Although it was possible to demonstrate the presence of some of our
delivered cells, it was not possible to reconstruct their
three-dimensional locations. Such added information could help to
understand how these HCN2-transfected stem cells generated
pacemaker activity and to assess their potential to develop
unwanted arrhythmic events. With this need in mind, a series of
experiments were performed in rats to enumerate delivered cells in
vivo and reconstruct their spatial distribution in three
dimensions. Approximately 100,000 QD-hMSCs were injected into the
left ventricular free wall. Hearts were harvested at either 1 hour
or 1 day after injection. Serial 10-.mu.m transverse sections were
imaged for QD fluorescence (FIGS. 5A and 5E). Using algorithms
described in Supplementary Methods, these fluorescence images were
filtered and thresholded to generate binary maps of QD-positive
zones from all of the tissue sections (FIG. 5B). The spatial
locations of QD-hMSCs were identified from the series of binary
maps and visualized in 3-D (FIGS. 5C and 5D). The algorithms
described herein permit enumeration of the total number of QD-hMSCs
in the whole heart from these models (approximately 50,000 at 1
hour and 30,000 at 1 day). A distance parameter was also computed
to characterize the distribution of cells, based on the distance
between individual cells and the centroid of the total stem cell
mass. Most of the cells were clustered in close proximity (85% of
cells within 1.5 mm at 1 hour and 95% within 1.5 mm at 24 hours,
see FIG. 5E).
[0105] QDs do not interfere with differentiation capacity of hMSCs
in vitro or in vivo. QD-hMSCs or unloaded hMSCs were induced to
differentiate in vitro along adipogenic and osteogenic lineages.

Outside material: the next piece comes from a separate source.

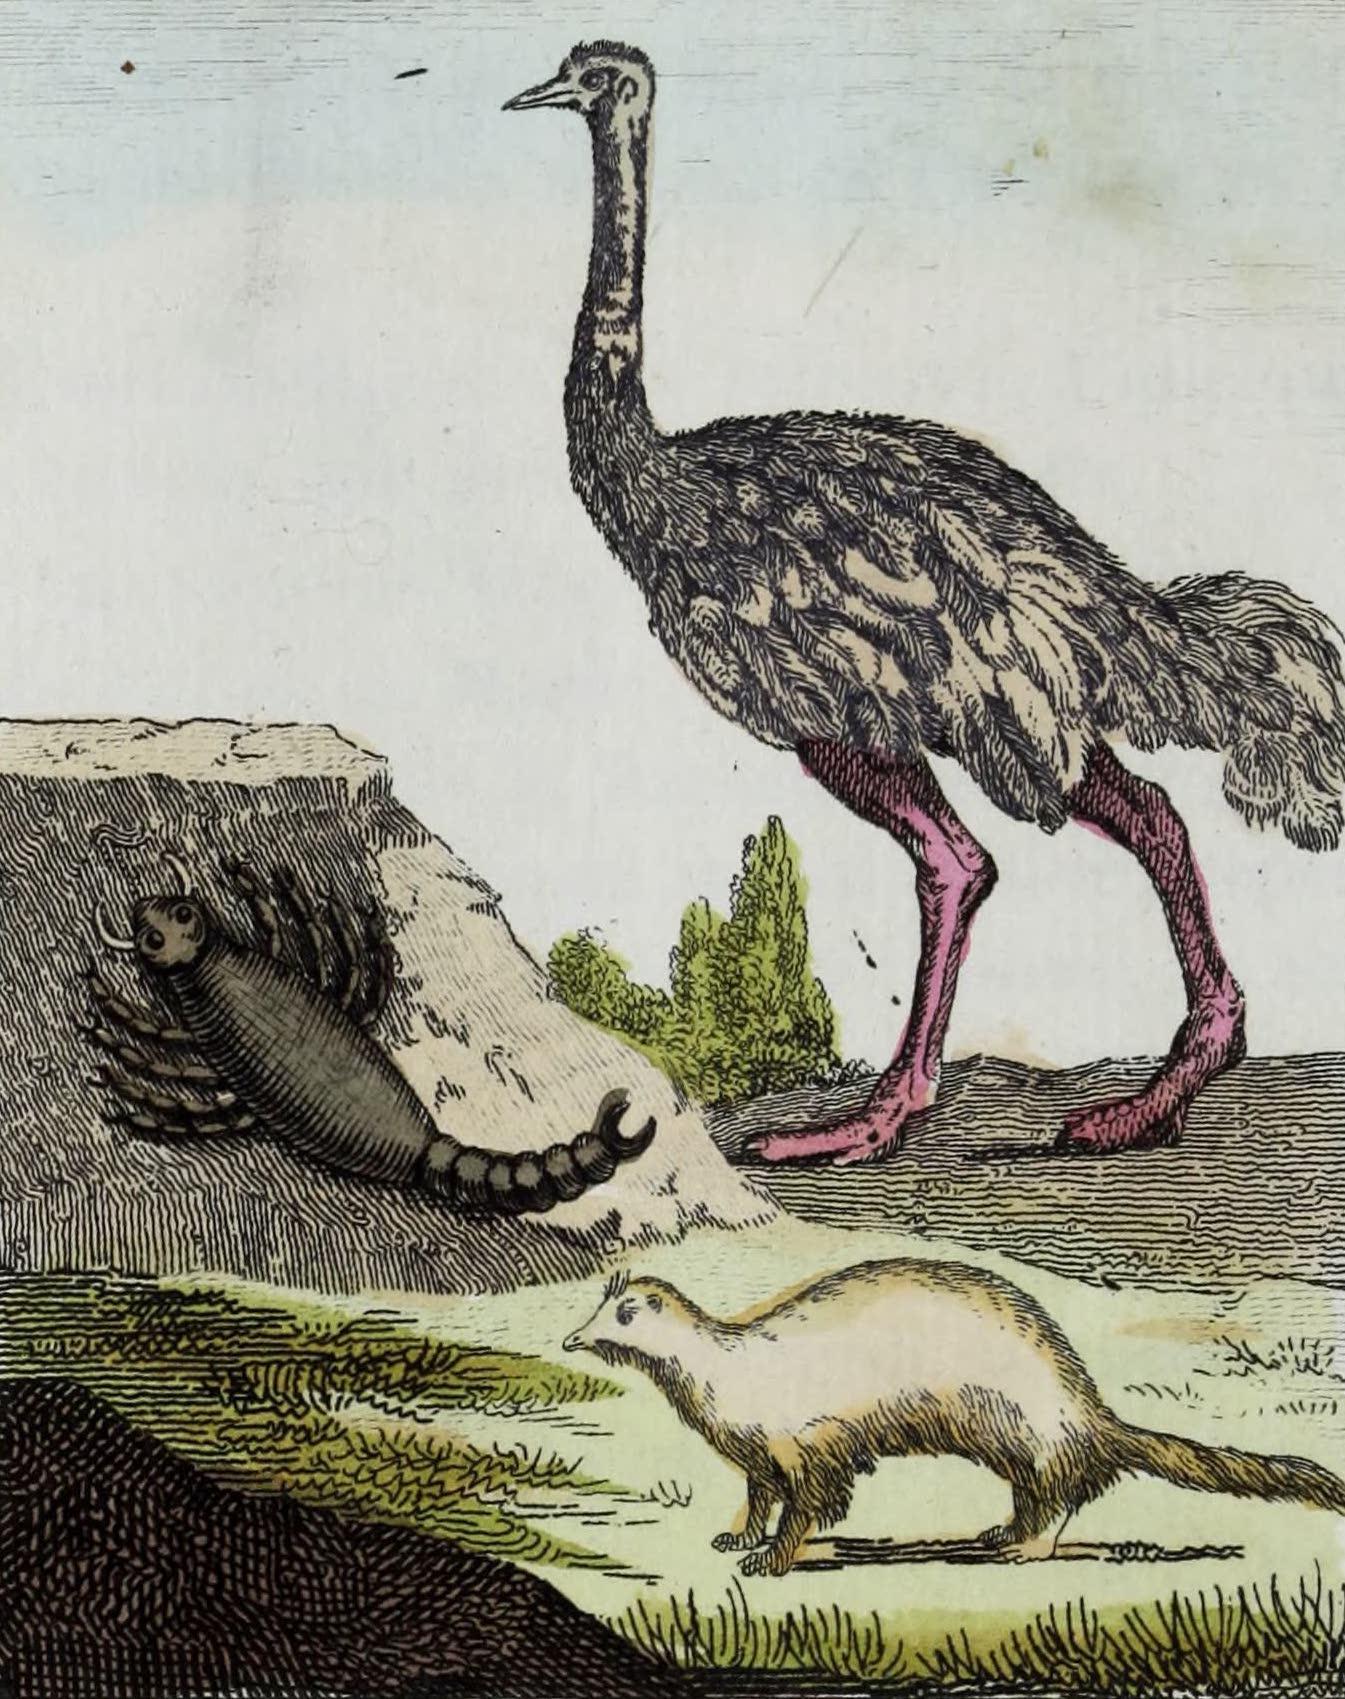 Geographie Vivante, ou, Tableaux Raisonnes - L'Autruche, le Scorpion, le Furet (1821)

After the adipogenic induction period both (a) unloaded hMSCs and
(b) QD-hMSCs displayed characteristic adipocyte morphology, with
prominent lipid vacuoles. The percent of differentiated versus
undifferentiated cells was similar between these two groups. (c) At
high power, adipocytes from the QD-hMSC group are seen with QDs
(red fluorescence) interspersed between lipid vacuoles. After the
osteogenic induction period both (a) unloaded hMSCs and (b)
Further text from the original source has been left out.